Standing out in the kitchen: Top chefs’ headgear dates back many centuries
The classic high, white chef’s hat, the toque, may go back as far as the mid-7th century BC in Assyria, according to an article by the Culinary Institute of America in Gastronomica magazine. Cooks in the royal household wore pleated cloth headdresses like the king. Another version of the story, states the article, dates the original toque to the Byzantine Empire, when philosophers and artists fled the barbarians and sought refuge in Greek monasteries, where they became cooks. They began wearing similar headdresses to the Orthodox priests they cooked for.
That pleated headgear evolved into close-fitting caps, beret-style hats, and other floppy caps. The CIA credits Antonin Carême, at the turn of the 19th century, with inserting stiff cardboard into his soft cap to make the tall toques that became the classic style.
French kitchens have long revolved around a rigid hierarchy, says Eve Felder, associate dean for culinary arts at the CIA, adding that a toque’s height would increase with rank. The head chef wore the highest hat of all.

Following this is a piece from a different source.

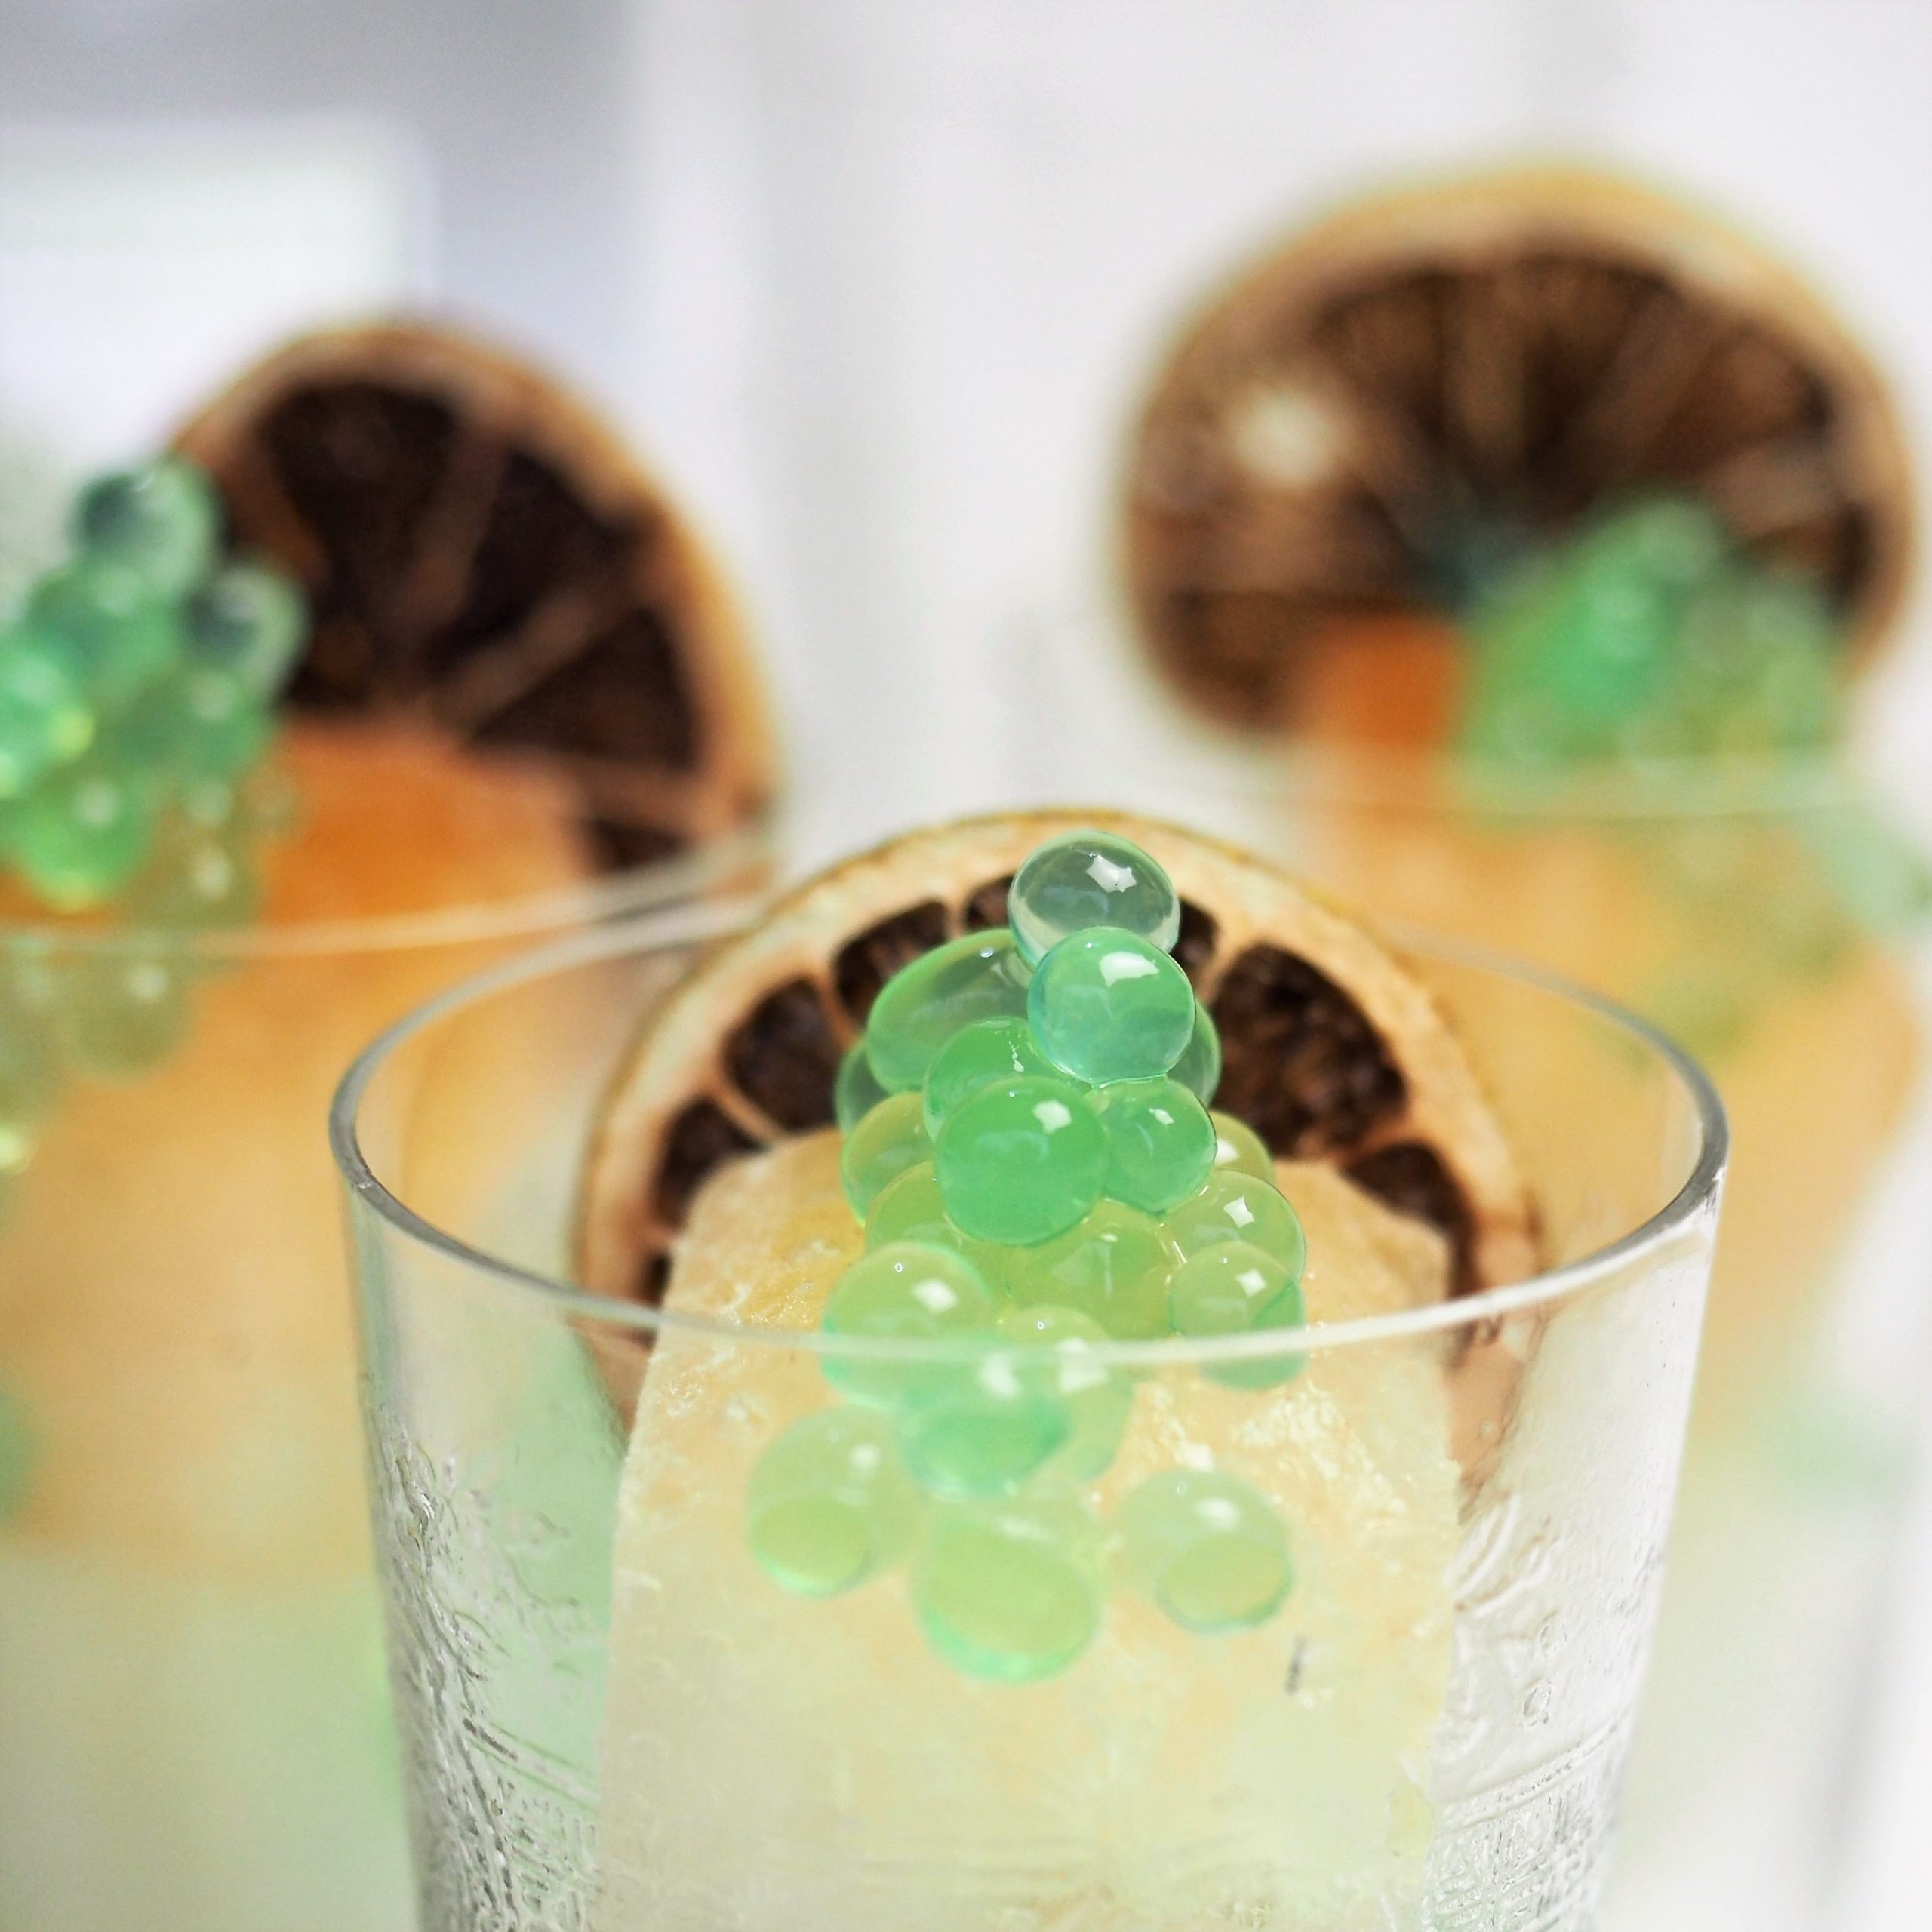 Gin & Dirty Tonic Ice with Native Finger Lime Flavour Pearls
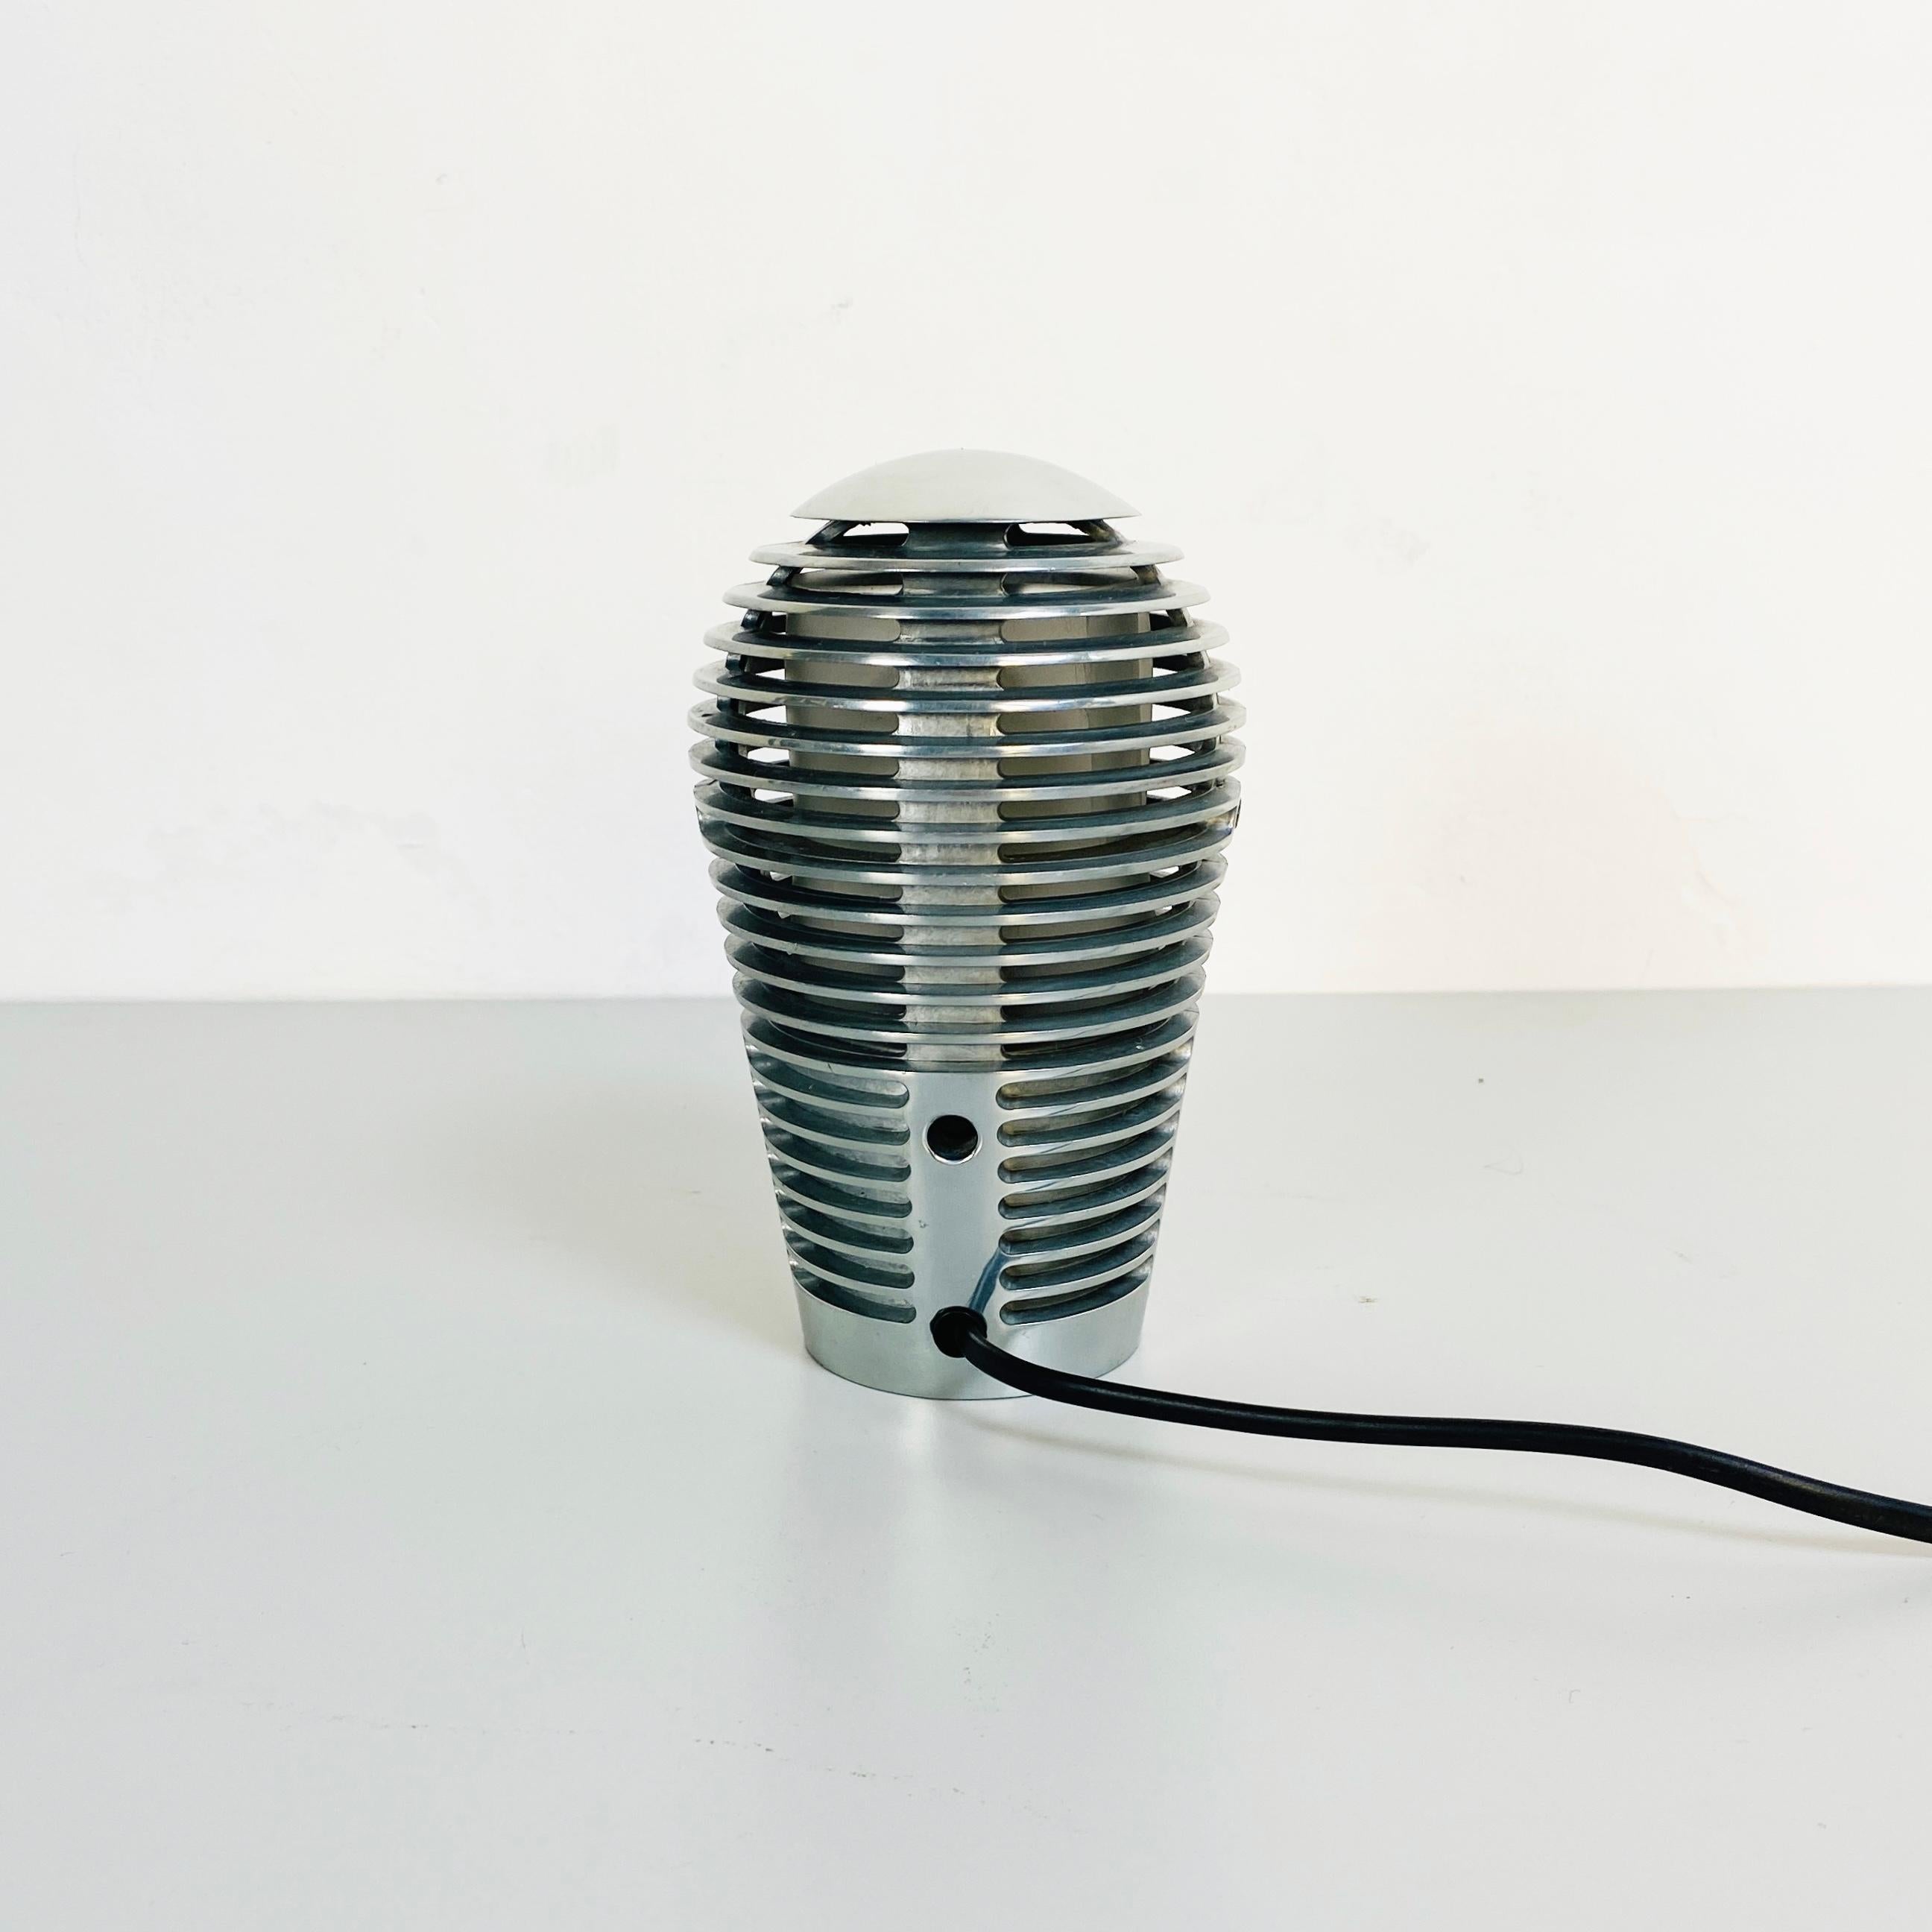 Late 20th Century Mid-Century Modern Metal Zen Table Lamp by S.Y.C. Cevese for Metalarte, 1984

By the 1980s in this country, Felder says chefs began moving into self-expression and branding. She considers restaurateurs Jean-Georges Vongerichten and Daniel Boulud as two in the forefront who wanted to express their personal style beyond the food they were showcasing. At the institute, she says, students are still expected to wear formal hats and attire. “You don’t get to choose what you are going to wear,’’ she says.